Tesla workers shared sensitive images recorded by customer cars
LONDON: Tesla Inc assures its millions of electric car owners that their “privacy is and will always be enormously important to us”. The cameras it builds into vehicles to assist driving, it notes on its website, are designed from the ground up to protect your privacy.
But between 2019 and 2022, groups of Tesla employees privately shared via an internal messaging system sometimes highly invasive videos and images recorded by customers’ car cameras, according to interviews by Reuters with nine former employees.
Some of the recordings caught Tesla customers in embarrassing situations. One ex-employee described a video of a man approaching a vehicle completely naked.
Also shared: crashes and road-rage incidents. One crash video in 2021 showed a Tesla driving at high speed in a residential area hitting a child riding a bike, according to another ex-employee. The child flew in one direction, the bike in another. The video spread around a Tesla office in San Mateo, California, via private one-on-one chats, like wildfire, the ex-employee said.
Other images were more mundane, such as pictures of dogs and funny road signs that employees made into memes by embellishing them with amusing captions or commentary, before posting them in private group chats. While some postings were only shared between two employees, others could be seen by scores of them, according to several ex-employees.
Tesla states in its online Customer Privacy Notice that its camera recordings remain anonymous and are not linked to “you or your vehicle”. But seven former employees told Reuters the computer programme they used at work could show the location of recordings which potentially could reveal where a Tesla owner lived.
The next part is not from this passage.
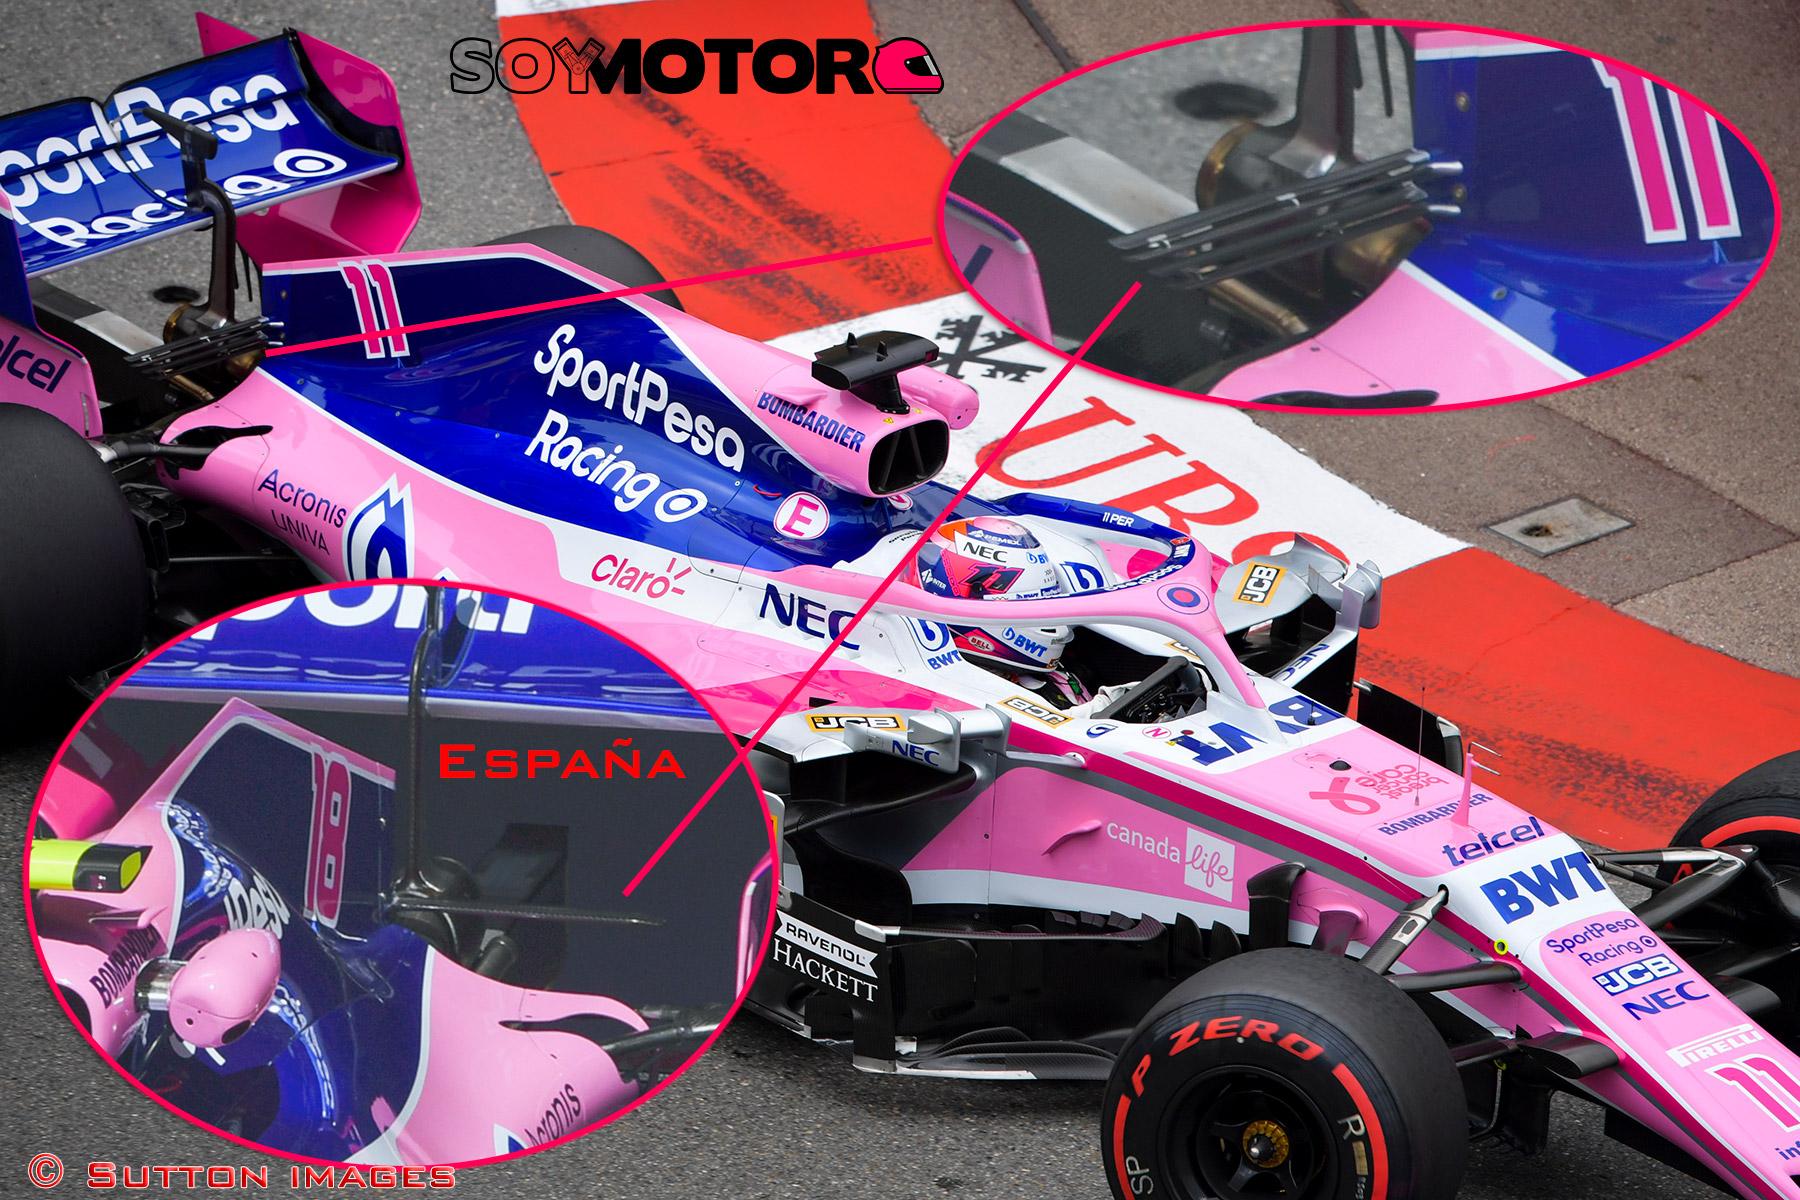 racing-point-t-wing-soymotor.jpg

One ex-employee also said that some recordings appeared to have been made when cars were parked and turned off. Several years ago, Tesla would receive video recordings from its vehicles even when they were off, if owners gave consent. It has since stopped doing so.
“We could see inside people’s garages and their private properties,” said another former employee. “Let’s say that a Tesla customer had something in their garage that was distinctive, you know, people would post those kinds of things.”
Tesla didn’t respond to detailed questions sent to the company for this report.
About three years ago, some employees stumbled upon and shared a video of a unique submersible vehicle parked inside a garage, according to two people who viewed it. Nicknamed Wet Nellie, the white Lotus Esprit sub had been featured in the 1977 James Bond film, The Spy Who Loved Me.
Tesla Chief Executive Elon Musk had bought it for about $968,000 at an auction in 2013. It is not clear whether Musk was aware of the video or that it had been shared. Musk didn’t respond to a request for comment.
To report this story, Reuters contacted more than 300 former Tesla employees who had worked at the company over the past nine years and were involved in developing its self-driving system. More than a dozen agreed to answer questions, all speaking on condition of anonymity.
Reuters wasn’t able to obtain any of the shared videos or images, which ex-employees said they hadn’t kept. The news agency also wasn’t able to determine if the practice of sharing recordings, which occurred within some parts of Tesla as recently as last year, continues today or how widespread it was. Some former employees contacted said the only sharing they observed was for legitimate work purposes, such as seeking assistance from colleagues or supervisors.
The sharing of sensitive videos illustrates one of the less-noted features of artificial intelligence systems: They often require armies of human beings to help train machines to learn automated tasks such as driving.
Since about 2016, Tesla has employed hundreds of people in Africa and later the United States to label images to help its cars learn how to recognise pedestrians, street signs, construction vehicles, garage doors and other objects encountered on the road or at customers houses. To accomplish that, data labelers were given access to thousands of videos or images recorded by car cameras that they would view and identify objects.